◆ **WHAT IS NEEDED**
Give back the exact lines of the material below from the one containing "Hitorijime My Hero Volume 7" through the one containing "Types of Exotic", and no pictures.

◆ **DATASET EXTRACT**
§

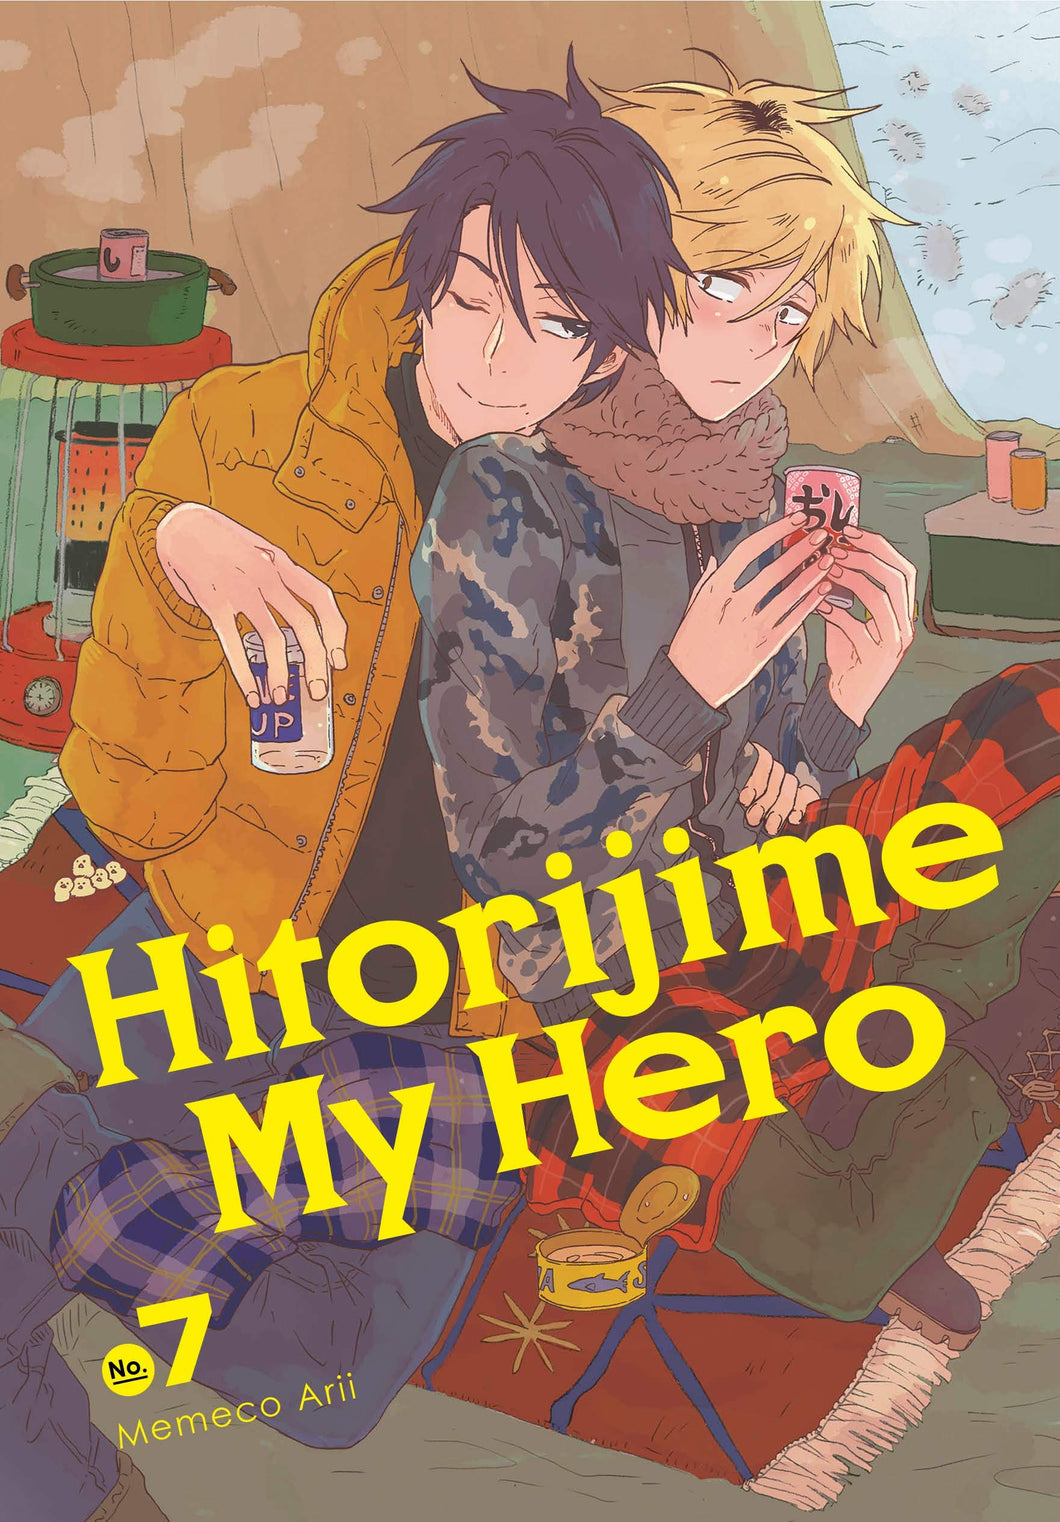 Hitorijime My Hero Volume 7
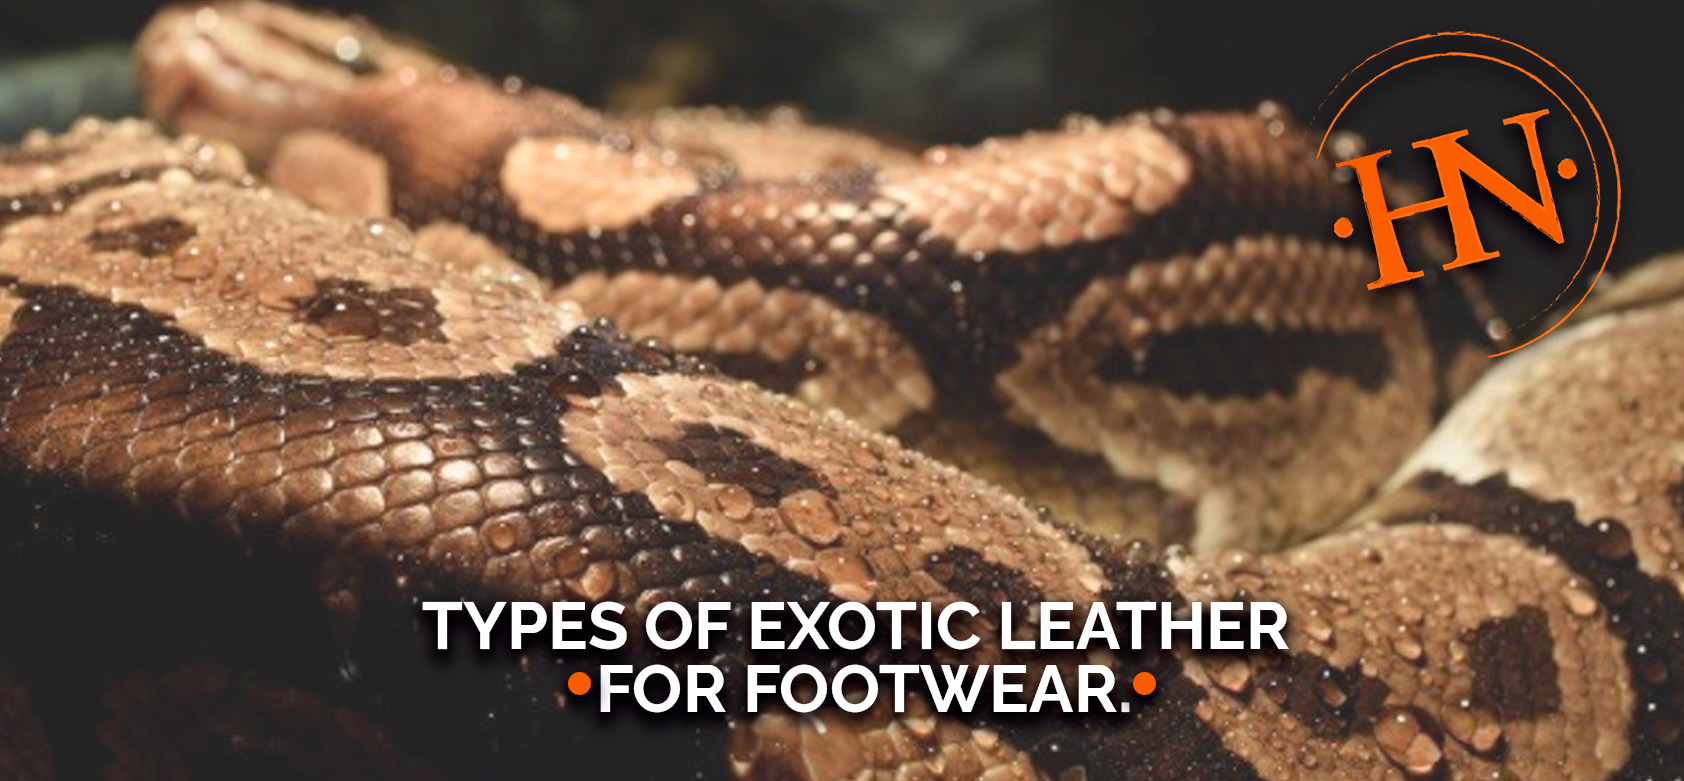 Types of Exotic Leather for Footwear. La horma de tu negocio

§

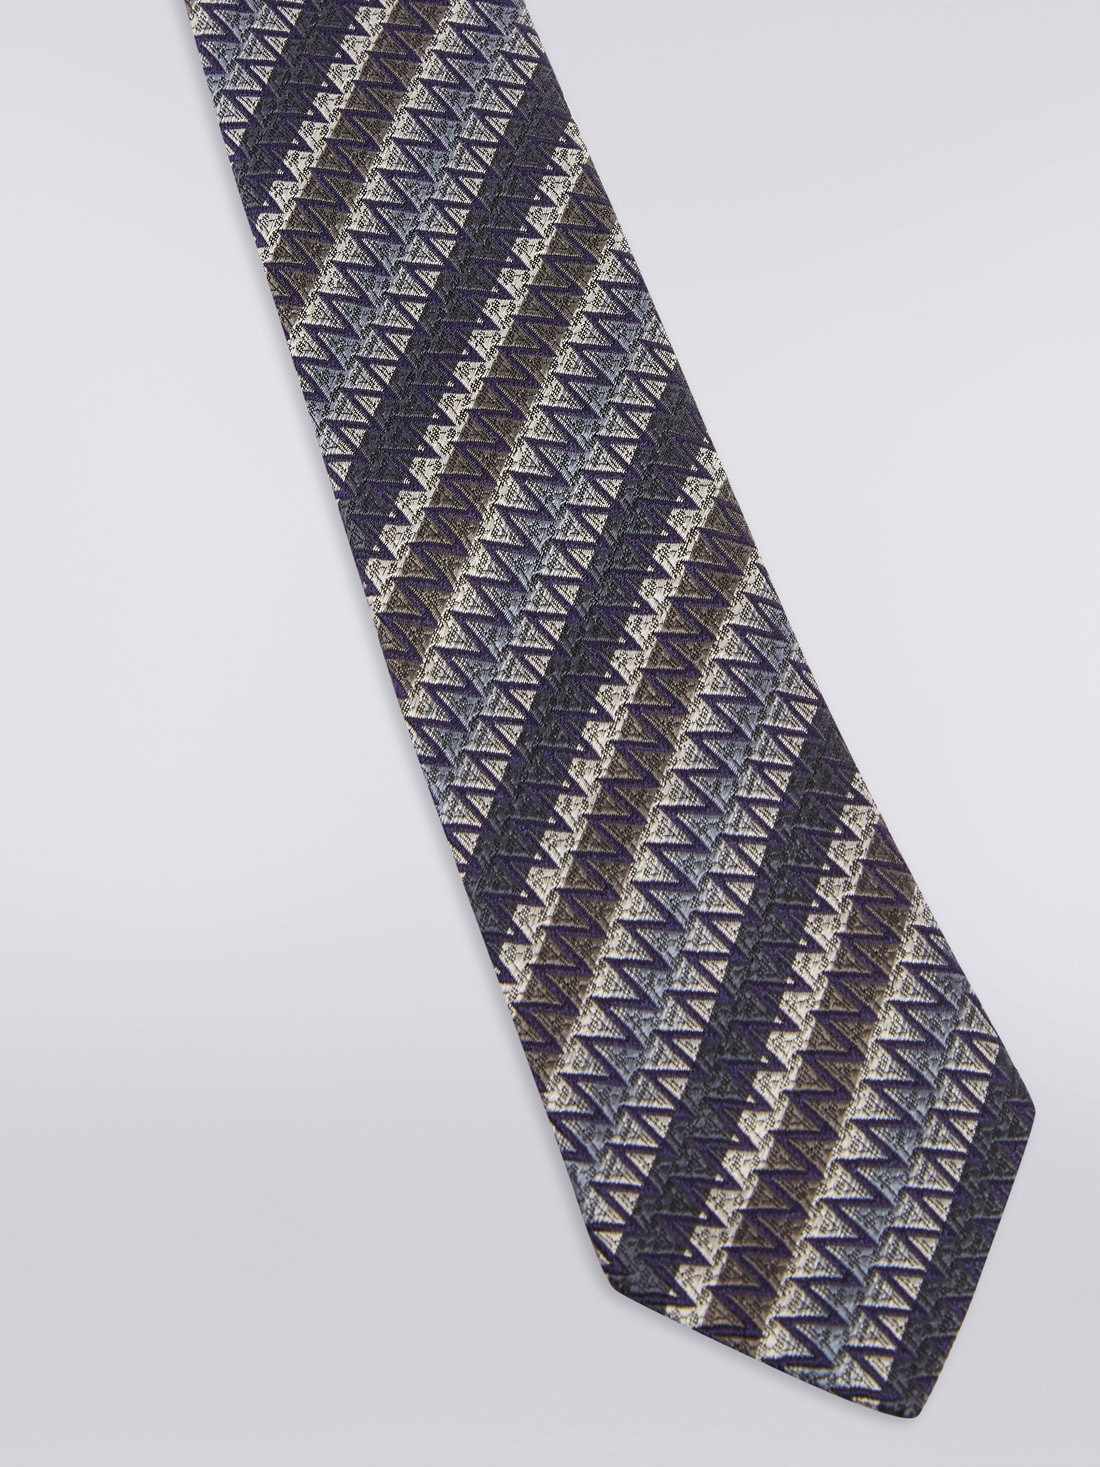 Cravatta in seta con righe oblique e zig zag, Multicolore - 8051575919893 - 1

§

◆ **SOLUTION**
 Hitorijime My Hero Volume 7
 Types of Exotic Leather for Footwear. La horma de tu negocio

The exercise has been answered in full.